Smallest footprint: least disk per byte stored

When storage cost is the constraint, space amplification is the number that matters. LSM engines compress 1 KB values below their raw size; one engine here uses 22x.

This is the workload where the bill is the constraint: you have a lot of data, it lives somewhere you pay for by the gigabyte, and the question is which engine stores the same data in the least space.

The number is space amplification: bytes on disk divided by bytes of actual data. 1.0x is break-even. Below 1.0x means the engine compressed your data. Above 1.0x means overhead, old versions, or padding you are paying to keep.

The numbers

On-disk size after writing 100,000 keys of 1 KB each, as a multiple of the raw data:

Engine Shape Space amplification Reads this as
goleveldb LSM 0.15x Compressed to a seventh of raw
pebble LSM 0.26x Compressed to a quarter of raw
buntdb in-memory B-tree 1.03x About break-even
pogreb hash-log 2.04x Twice the data
bbolt B+tree 2.33x Page overhead
sqlite B-tree 4.50x Page and index overhead
tamnd/kv hash-log 4.97x Log plus index overhead
badger LSM 22.16x Value log not yet reclaimed

The LSM engines that sort and compress in the background, goleveldb and pebble, store 1 KB values in a fraction of their raw size. That is the LSM payoff: the same background work that makes writes cheap also packs the result tightly.

badger is the cautionary tale. It is one of the fastest writers, but it keeps values in a separate log and reclaims dead space lazily, so right after a write-heavy run it can sit at 22x the data size. That space comes back as its garbage collector runs, but if you provision disk for the steady state, provision generously.
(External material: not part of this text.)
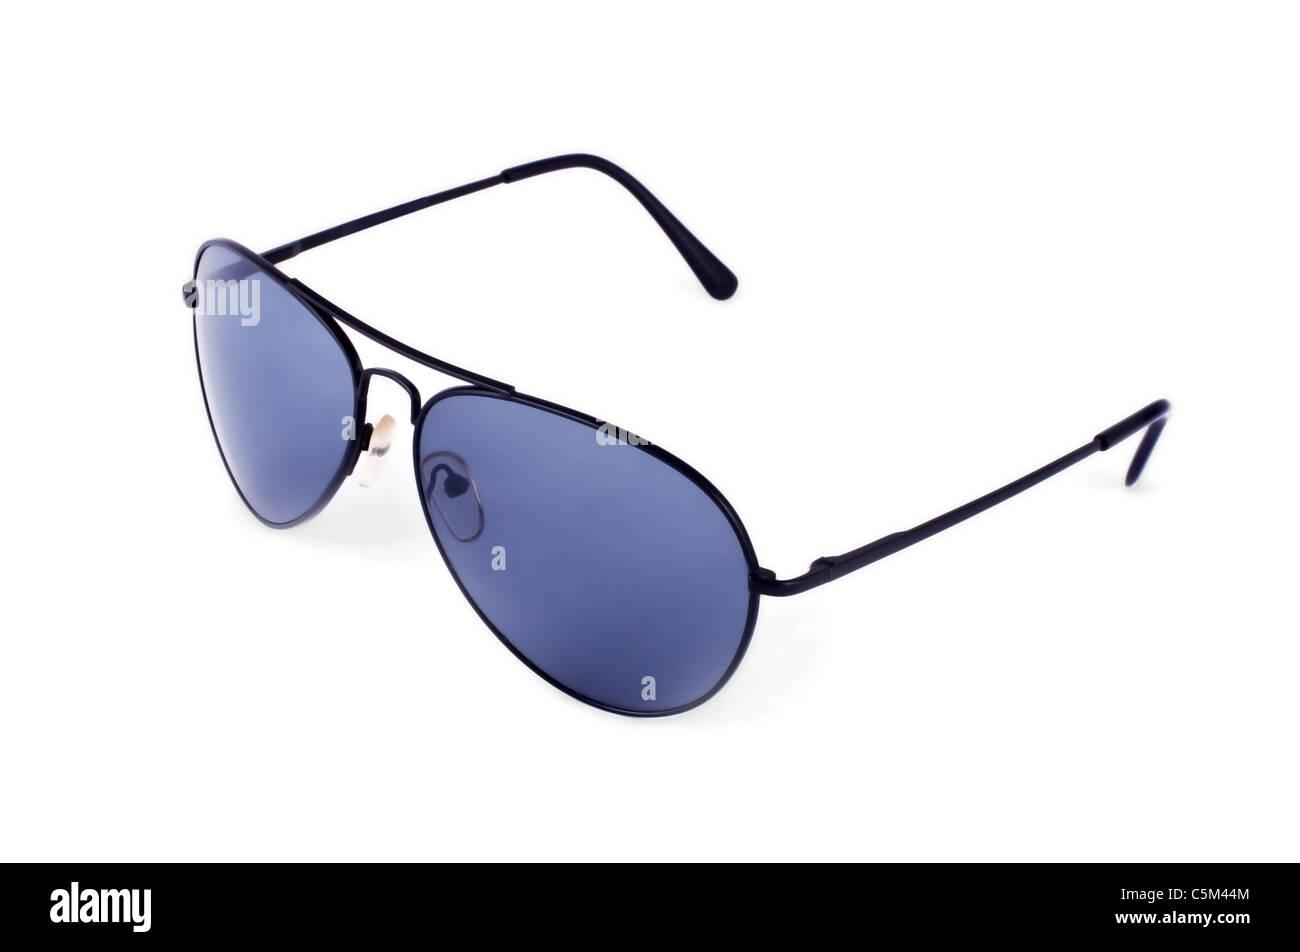 Aviator sunglasses isolé sur fond blanc Banque D'Images

Watch the update workloads

The fillrandom numbers above are fresh writes. Updates change the picture, because some engines keep old copies until they compact:

Engine Fresh writes Under hot-key updates
pebble 0.26x 0.3x
goleveldb 0.15x 0.2x
buntdb 1.0x 1.0x
badger 22x 22x
tamnd/kv 5.0x 53x

tamnd/kv holds 5x on fresh writes but balloons to 53x under a hot-key update burst, because every update appends a new copy and the old ones wait for compaction. If your data churns, the mixed scenario covers this in full; the short version is that tamnd/kv is a poor fit for update-heavy storage on a disk budget.

What to pick

  • goleveldb or pebble when storage cost is the constraint. They store your data smaller than it arrives and stay compact under updates.
  • buntdb if you want a predictable 1.0x and the dataset fits in RAM.

What to avoid

  • badger when disk is tight, unless you account for its lazy reclamation.
  • tamnd/kv for update-heavy data on a disk budget, because of the 53x churn.